= The Twin Atlas =

American folk rock band

The Twin Atlas is a folk rock band, known for its atmospheric folk and pop songs, written and home-recorded by Sean Byrne with Lucas Zaleski, who began playing together when they met at the University of Delaware in the early 1990s and began releasing music as The Twin Atlas in 2000.

Zaleski is now an NYC resident, and Byrne lives in Medford Lakes, where he has drummed with the bands Lenola, Mazarin, Matt Pond PA, Audible, BC Camplight, and Camino Sound.

The foundation of their songs often comes from Byrne's compositions or from Byrne and Zaleski's recorded collaborations and improvisations, upon which Byrne later goes back to and finishes; adding vocals, additional melodies and instrumentation, and assorted sounds. This work process has proved prolific.

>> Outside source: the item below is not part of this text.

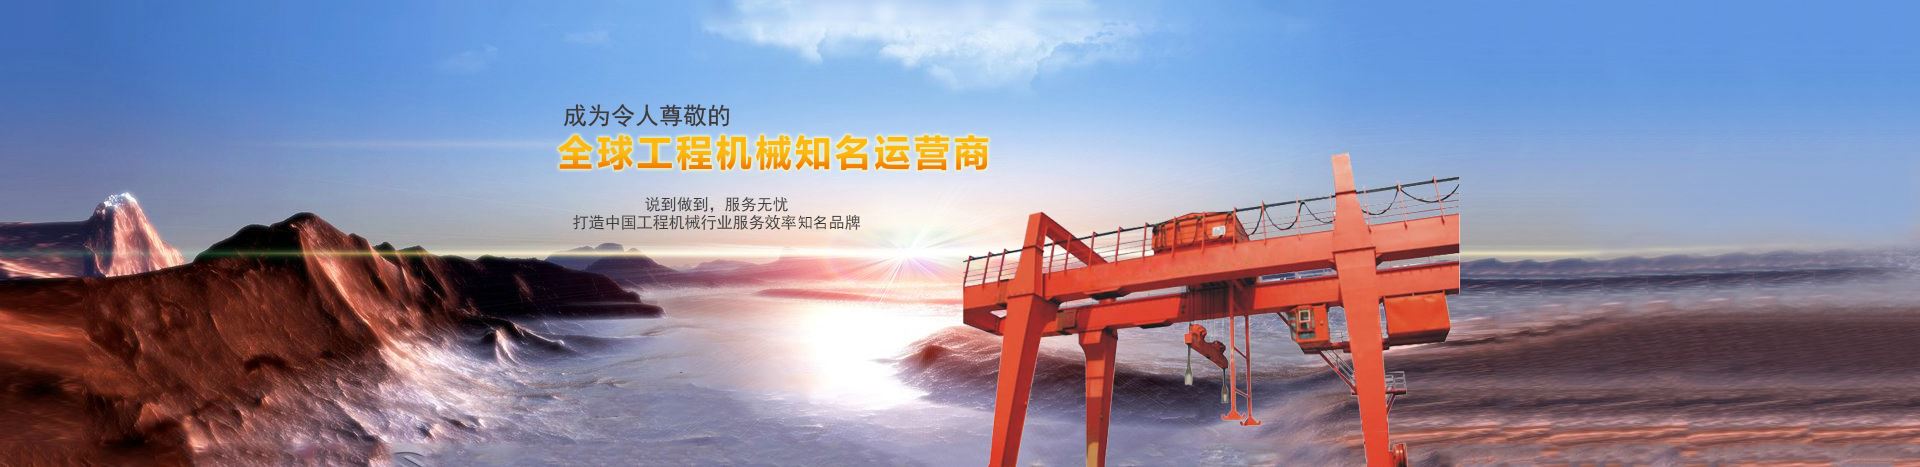 打造中国工程机械行业服务效率优质品牌

Their newest release is 2005's Sun Township, a ten-song set of haunting folk rock containing their most fully realized fidelity to date thanks to post-production by engineer Dave Grubb (Lenola, Like A Fox)

The Twin Atlas plays: acoustic and electric guitar, vocals, mandolin, keyboard, live and electronic drums, harmonica, banjo, effects, melodica, percussion, as well as whatever and whoever may be lying around at the time.